Wir von der Orga-Crew freuen uns jedenfalls auf euer zahlreiches Kommen, Lauschen und Diskutieren; aber auch auf eine kraftvolle Demo gegen die, die kein Gewissen kennen!

ooc acab

Startpunkt der Demo

…und die Route

Um dem Programm „out of control“ gerecht zu werden, haben wir uns als Startpunkt der Demo den Großraum Rosenthaler Platz ausgesucht. Um polizeilicher Repression in Form von – übrigens oft illegalen – Vorkontrollen vorzubeugen, rufen wir dazu auf, der Demo erst beizutreten, wenn die Ordnungshüter nicht mehr in der Lage sind, jede_n zu durchsuchen. Und das muss erstmal erkämpft werden…

ooc acab

Pressemitteilung

“entsichern-Kongress” und Demonstration “In offener Feindschaft”

Von 29.-30. Januar findet in Berlin der “entsichern-Kongress” statt, der von der Gruppe Out of Control Berlin organisiert wird. In den Räumen der Schule für Erwachsenenbildung (SfE) im Mehringhof werden in Workshops und Diskussionen verschiedene Aspekte der Europäischen Union beleuchtet und aus Perspektive einer radikalen Linken analysiert.

Thematische Schwerpunkte sind die politischen Veränderungen im neoliberalen Europa, sei es im Hinblick auf die Staatswerdung der EU oder angesichts des gewaltigen Rechtsrucks einzelner Mitgliedsstaaten. Ein weiteres Schlaglicht wird auf europäische Sicherheitsarchitekturen gerichtet, darunter die technische Aufrüstung der Sicherheitsapparate ebenso wie die Militarisierung von Polizeistrukturen oder neue gesetzliche Rahmenbedingungen.

Am Abend des 29.01. findet im Rahmen des Kongresses eine Podiumsdiskussion zu Strategien grenzüberschreitenden Widerstands in der Aula der SfE statt. Unter dem Titel “Risse in der Festung Europa” diskutieren Adeline Otto, Kriss Scholl, Detlef Hartmann und René Paulokat über praxisnahe Perspektiven gegen das neoliberale Projekt EU.

Der “entsichern-Kongress” versteht sich als Gegenveranstaltung zum 14. Europäischen Polizeikongress, der in wenigen Wochen in Berlin stattfindet.
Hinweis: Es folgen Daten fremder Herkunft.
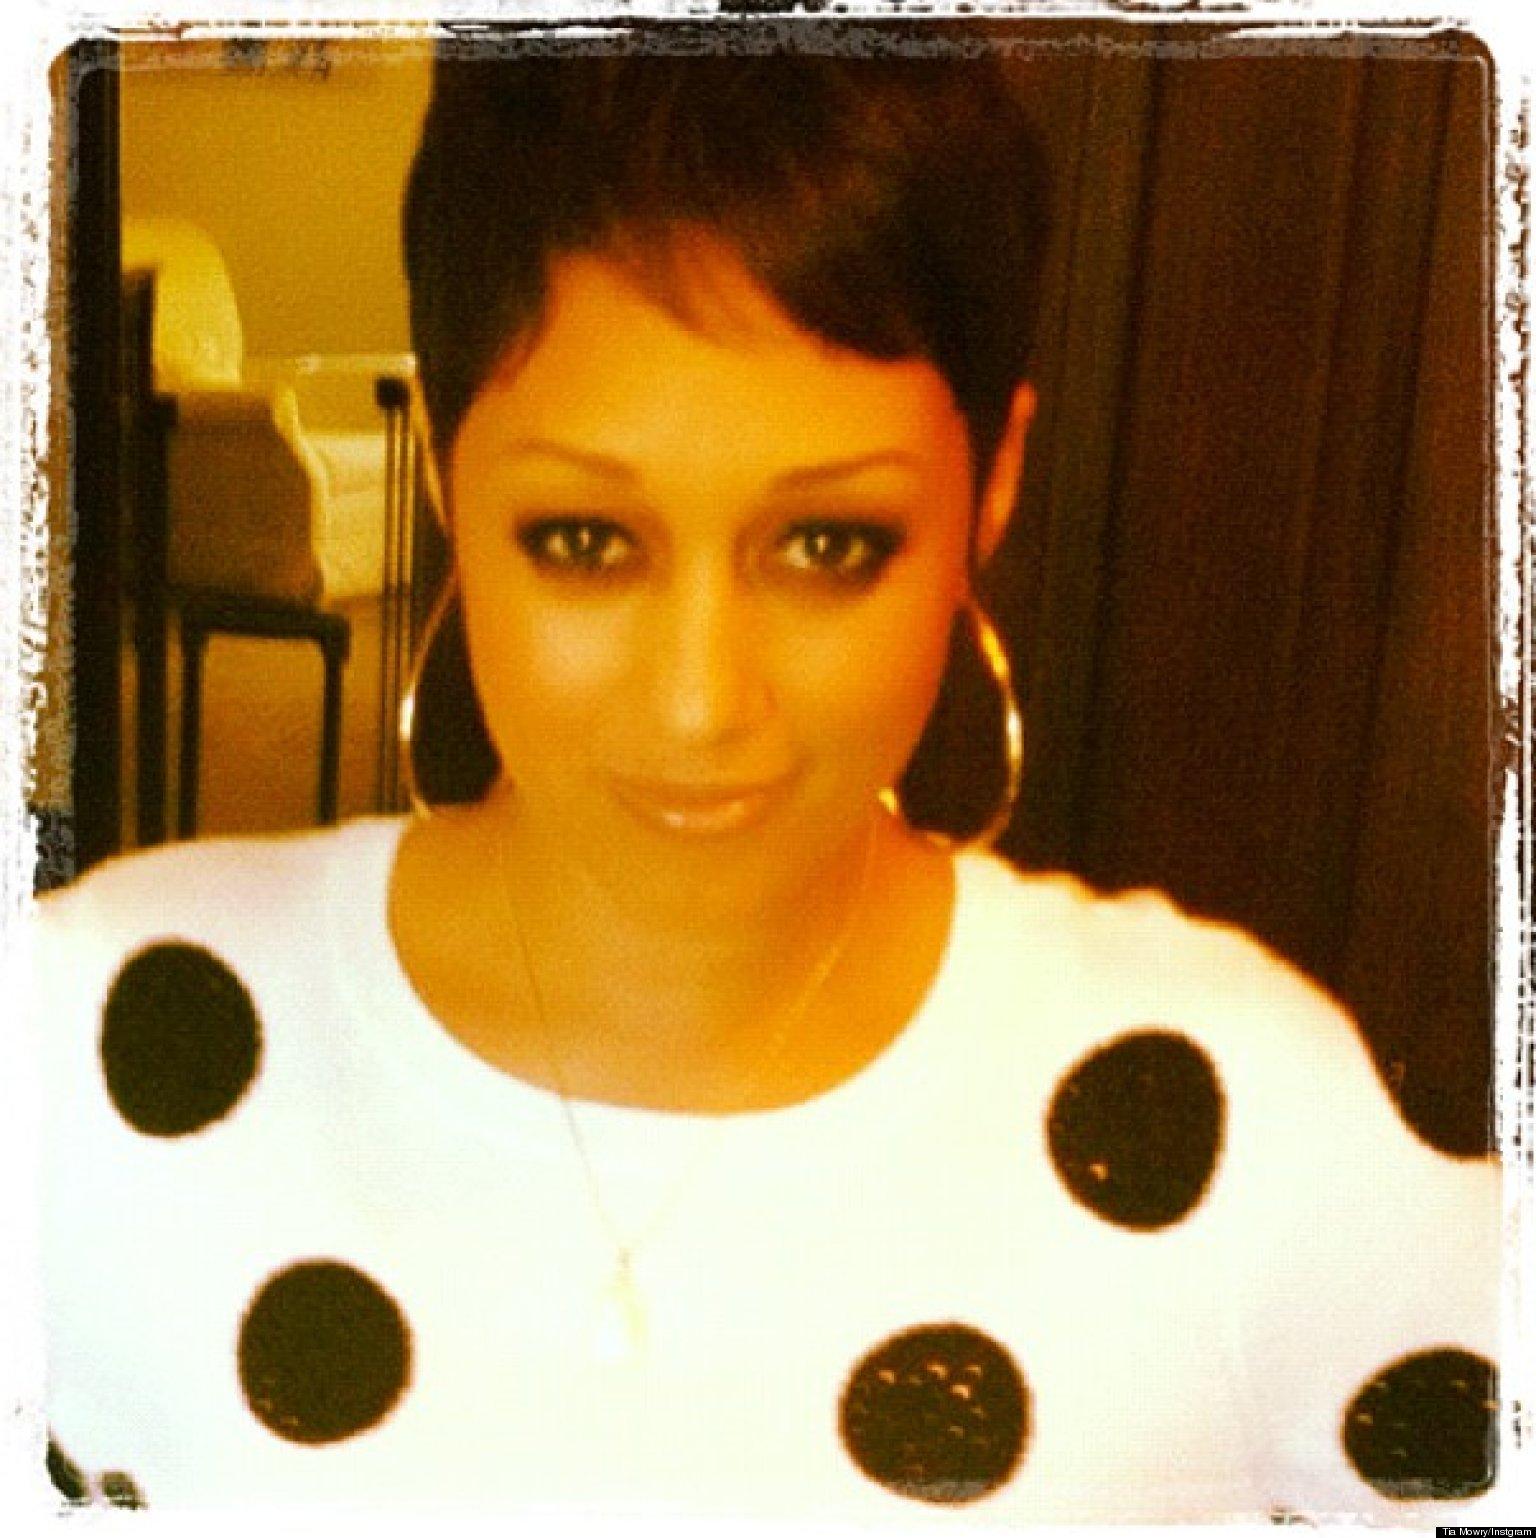 Phenomenal Tia Mowry Haircut 39Tia Amp Tamera39 Star Chops It All Off Photo Short Hairstyles Gunalazisus

Bereits am 28.01. wird die Kritik am Europa der Polizeien auf die Straße getragen. Unter dem Motto “In offener Feindschaft – Still not loving police” mobilisiert ein linksradikales Bündnis zu einer großen Antirepressions-Demonstration nach Mitte. Neben Aspekten die auch auf dem “entsichern-Kongress” ausführlich analysiert werden richtet sich die Demonstration gegen den institutionellen Rassismus in der EU, der sich von “Auffanglagern” in Nordafrika bis in Dessauer Polizeizellen erstreckt.

Ein ausführliches Kongressprogramm, den Demonstrationsaufruf und weitere Informationen finden sich auf outofcontrol.blogsport.de. Dort wird in Kürze auch eine Telefonnummer für weitere Nachfragen veröffentlicht.

Mobi-Veranstaltung am 24.01.

Vortrag:
Grenzüberschreitende Polizeiausleihe und Spitzeldienste

Mobilisierungsveranstaltung im Rahmen des entsichern-Kongress

Der diesjährige Castor-Transport wurde begleitet von Polizei und Gendarmerie aus Frankreich, Polen, Kroatien und den Niederlanden. Mindestens ein französischer CRS-Beamter half bei der brutalen Räumung von DemonstrantInnen. Andere waren als Beobachter tätig, um in einem dreijährigen Forschungsprojekt die Taktik der AktivistInnen zu studieren und Gegenmaßnahmen zu entwickeln.
Die Ausleihe deutscher Polizei samt Material an Frankreich, Österreich oder die Schweiz ist längst üblich. Jetzt wenden Cops aus anderen EU-Mitgliedsstaaten auch hierzulande vermehrt sogenannte “Zwangsmittel” an. Regelmäßig wird hierfür zusammen mit paramilitärischen EU-Gendarmerien in Trainings geübt, die jetzt auch von der EU-Kommission finanziert werden.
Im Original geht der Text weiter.